--- START ---

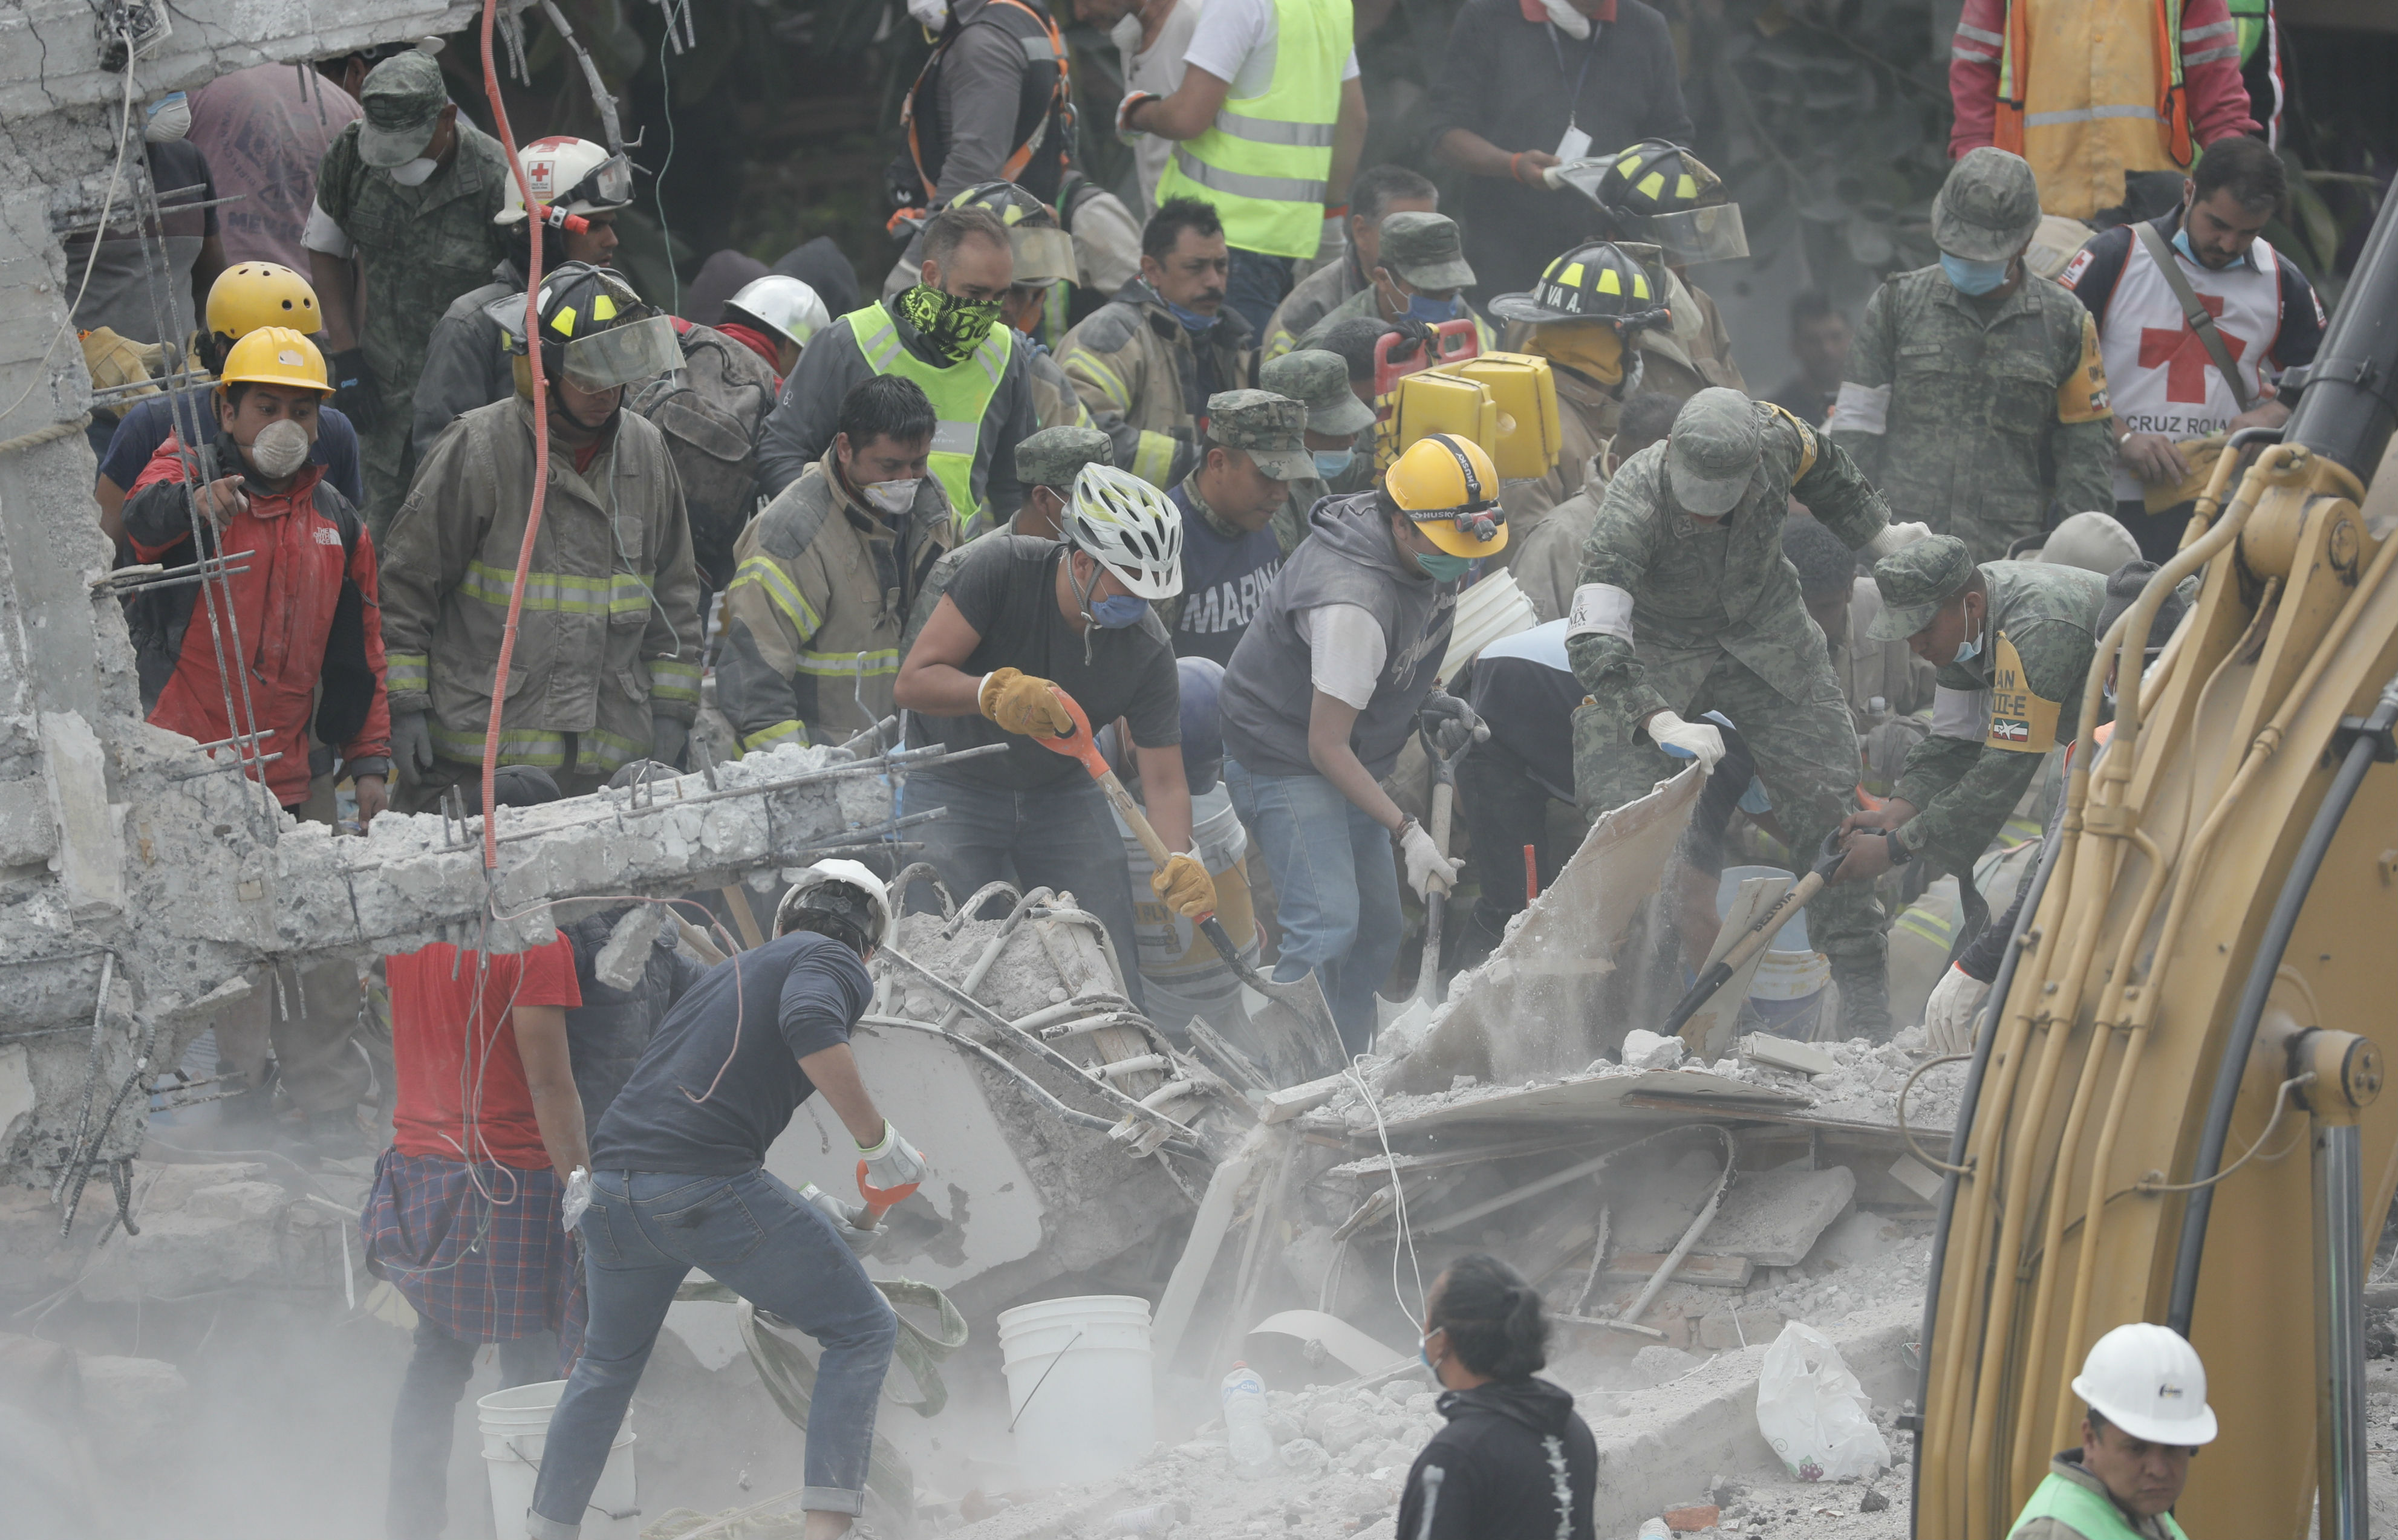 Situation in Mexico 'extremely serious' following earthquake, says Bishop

--- END ---
--- START ---

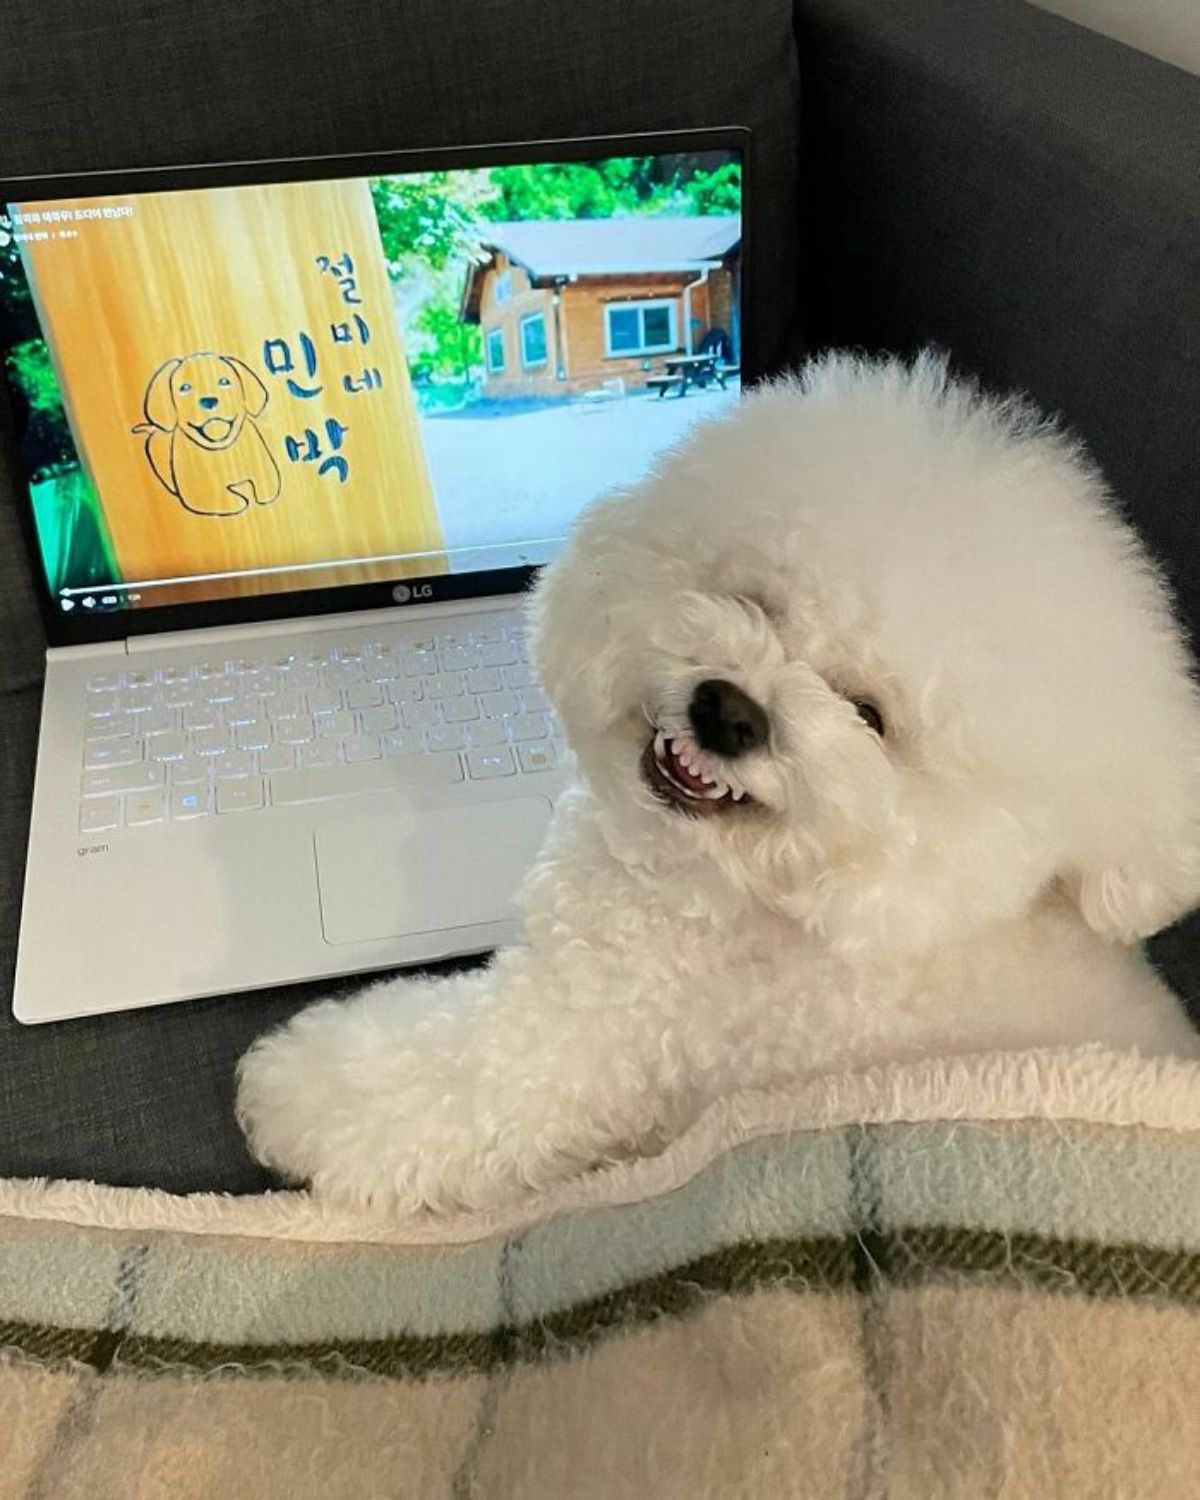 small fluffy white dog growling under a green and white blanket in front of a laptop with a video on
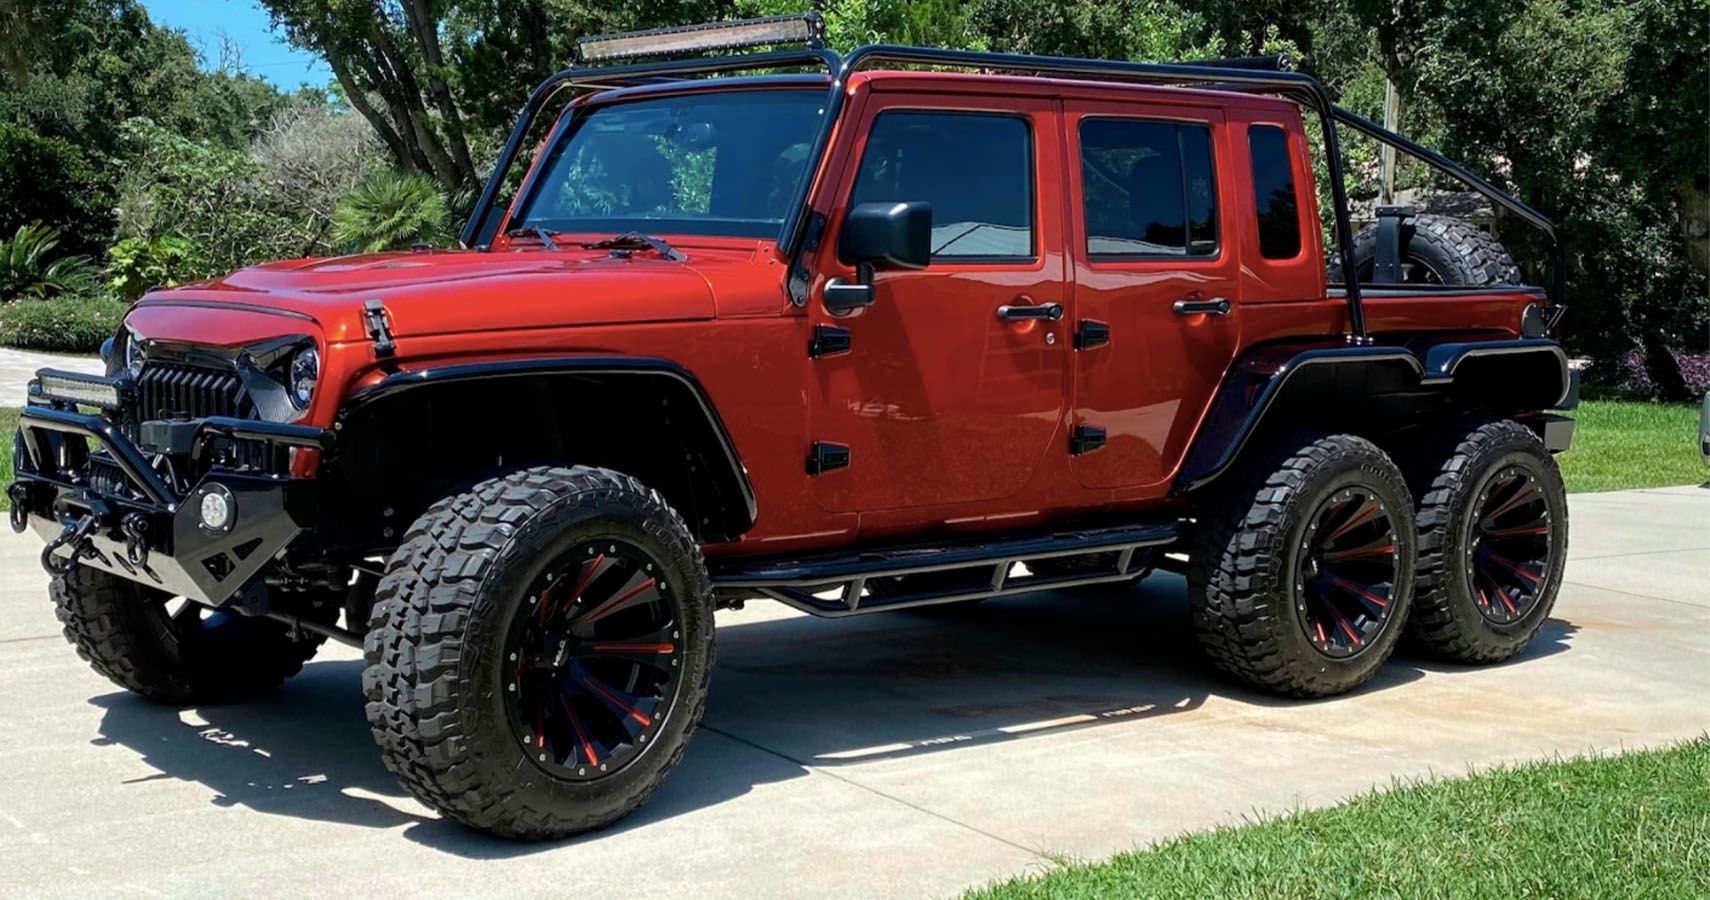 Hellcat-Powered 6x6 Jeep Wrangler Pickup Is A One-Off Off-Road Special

--- END ---
--- START ---

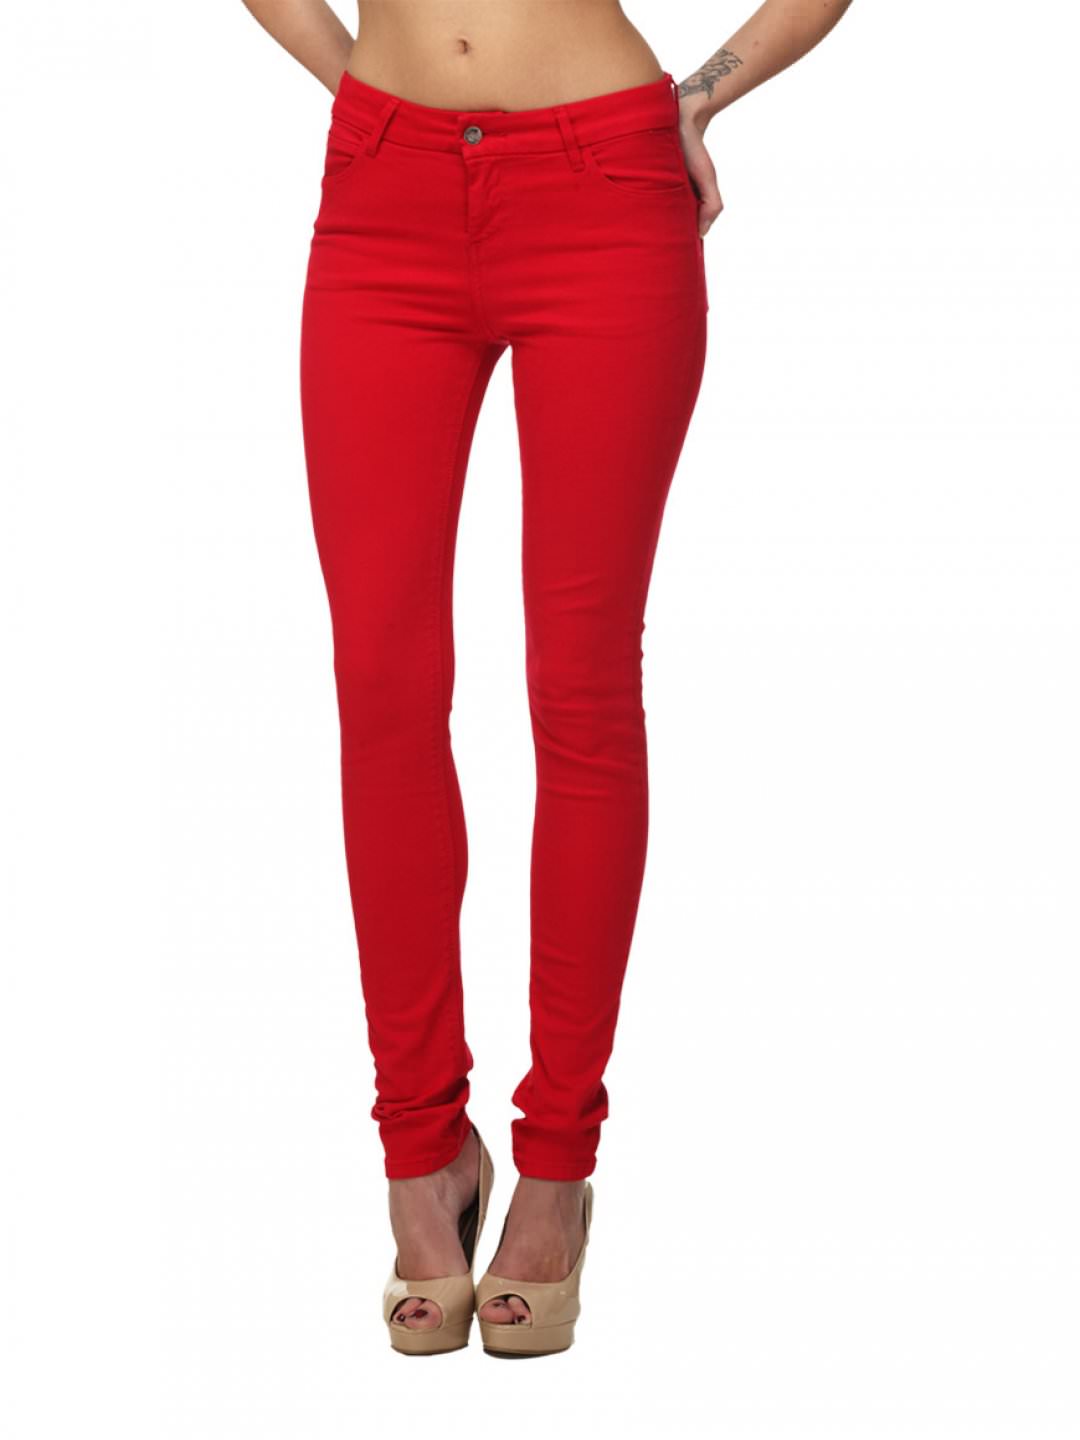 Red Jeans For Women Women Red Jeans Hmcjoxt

--- END ---

§ **TRY IT**:
Every line above from the one with "small fluffy white" down to the one with "Hellcat-Powered 6x6 Jeep" must be written out exactly, and no picture may appear.

§ **SOLUTION TO THIS TASK**:
 small fluffy white dog growling under a green and white blanket in front of a laptop with a video on
 Hellcat-Powered 6x6 Jeep Wrangler Pickup Is A One-Off Off-Road Special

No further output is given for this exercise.